Am 9. September 2015 floh die damals 18jährige Sara aus Syrien und kam am 2. Oktober 2015 in Berlin an. Im Frühjahr diesen Jahres beendete sie ihr Medizinstudium. Über ihre Flucht, das Leben in Deutschland und ihre Erfahrungen als Ärztin sprach Antonia Kennel mit ihr.

Sara[1], erzähl mir, wie du nach Deutschland gekommen bist.

Es war in 2014, als sich in Syrien die Lage für die Bevölkerung verschärfte. Ich war damals gerade 18 und habe mein Abitur gemacht. Mein älterer Bruder Tarek hatte angefangen zu studieren, als er verhaftet wurde. Einer seiner Freunde hatte auf Facebook Sachen gepostet, die dem Regime missfielen, und war daraufhin verhaftet worden. Da Tarek mit ihm auch auf Facebook befreundet war, haben sie ihn auch eingesperrt. Mithilfe eines Onkels von mir, der genügend Geld freistellen konnte, konnten wir Tarek freikaufen. Danach wollte Tarek Syrien verlassen. Meine Eltern sahen ebenfalls keine Zukunft für uns mehr hier und stimmten zu. Wir lebten damals in Homs, ca. 180km von Damaskus entfernt. Wir wollten nach Europa.

Warum Europa? Bzw. warum Deutschland?

Europa war geographisch erreichbar und gewährte Geflüchteten Asylschutz. Deutschland stand auf der Liste der wirtschaftlich bessergestellten Länder. Auch Schweden, Norwegen, Österreich, die Schweiz, Frankreich und die Niederland kamen infrage – wobei Schweden und Norwegen nicht favorisiert wurden von uns, wegen des Klimas. In Deutschland aber waren auch schon einige Cousins und Cousinen von uns, sodass es unser primäres Anlaufziel wurde.  

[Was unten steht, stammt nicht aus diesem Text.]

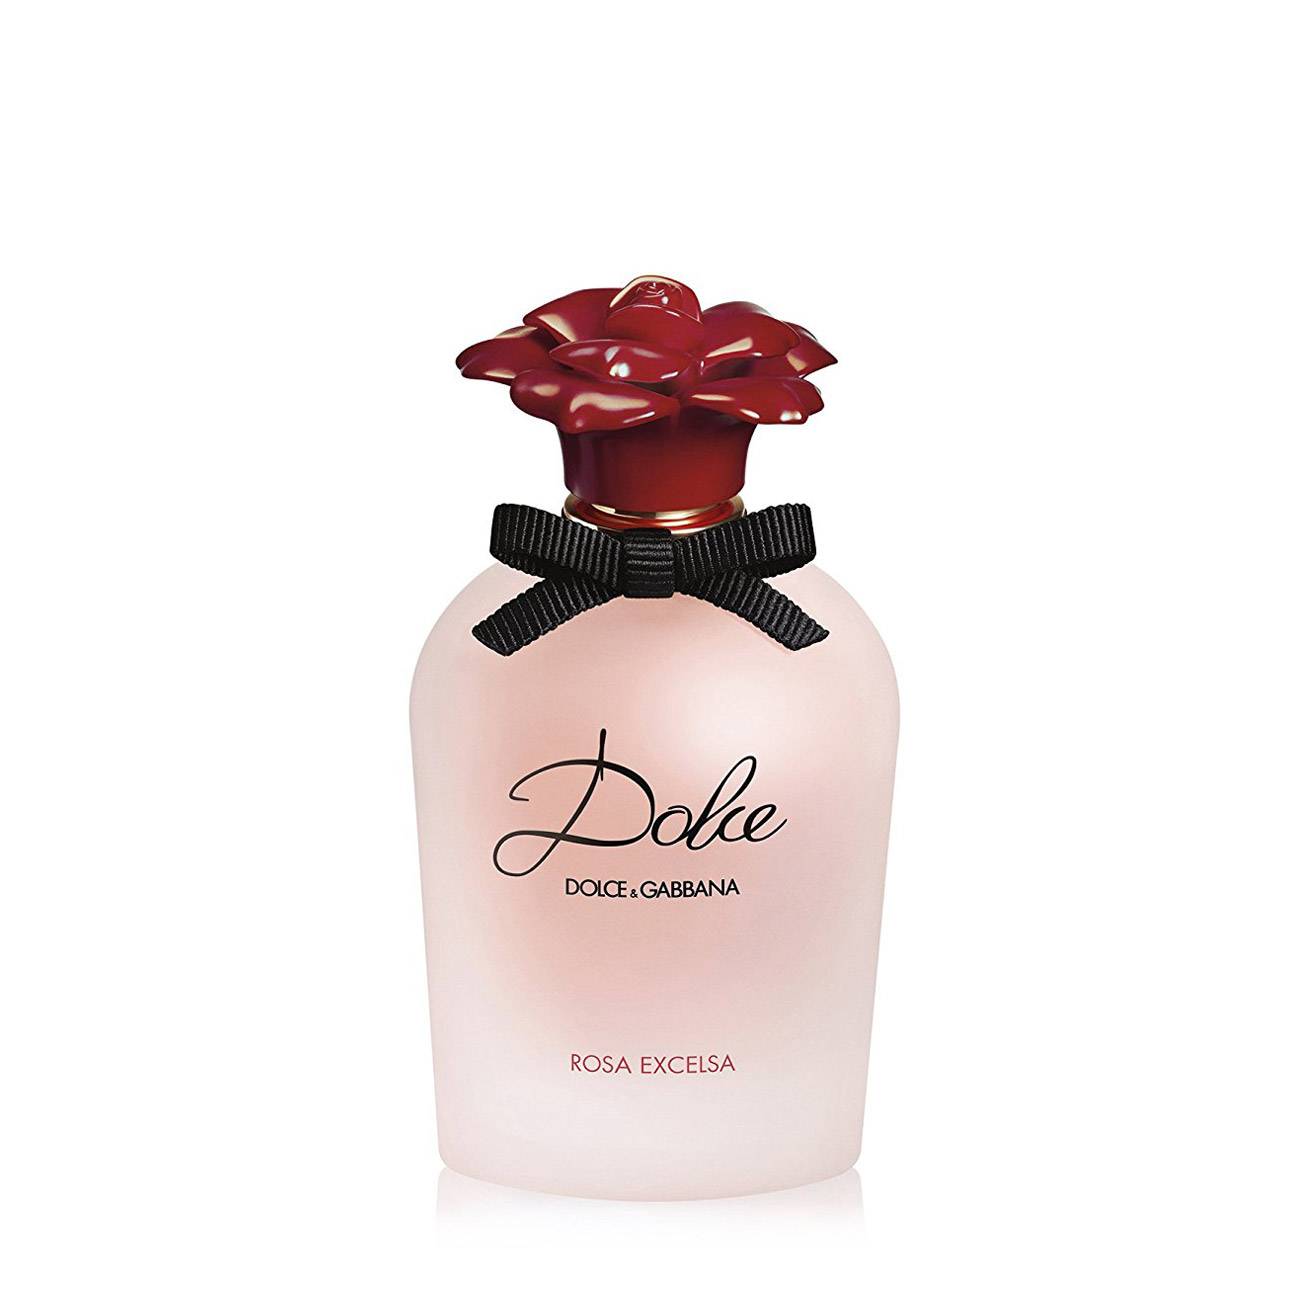 DOLCE ROSA EXCELSA 75ml original Dolce & Gabbana bestvalue

Wie läuft so eine Flucht ab?

Im März 2015 war es so weit und Mama und mein Bruder machten sich gemeinsam auf den Weg.

Mein Vater, meine kleine Schwester Hiba und ich sollten noch bleiben: sollte es nicht klappen, hätte Papa immer noch seinen Job, um uns irgendwie über Wasser zu halten.

Dann kam die Nachricht, dass eine Familienzusammenführung nicht mehr möglich war: da ich gerade 18 geworden und damit volljährig war, konnte Mama mich nicht einfach nach Berlin nachholen. Für mich mussten wir andere Wege gehen … Das Problem war nur, dass es für Syrer ohne Visum oder Geld quasi keine legale Möglichkeit gab, aus Syrien auszureisen. Also mussten wir irgendwie Geld zusammenkratzen, um Schmuggler zu bezahlen. Der Schmuggler, der meine Mutter und Tarek nach Deutschland gebracht hatte, war später auch für meine Route zuständig.

Von welchen Zeiträumen sprechen wir?

Mama und Tarek verließen Syrien im März 2015 und kamen Mai 2015 nach Berlin. Ich startete am 09.09.2015 und war am 02.10.2015 in Berlin. Papa und Hiba kamen ein Jahr später, am 09.09.2016, zu uns.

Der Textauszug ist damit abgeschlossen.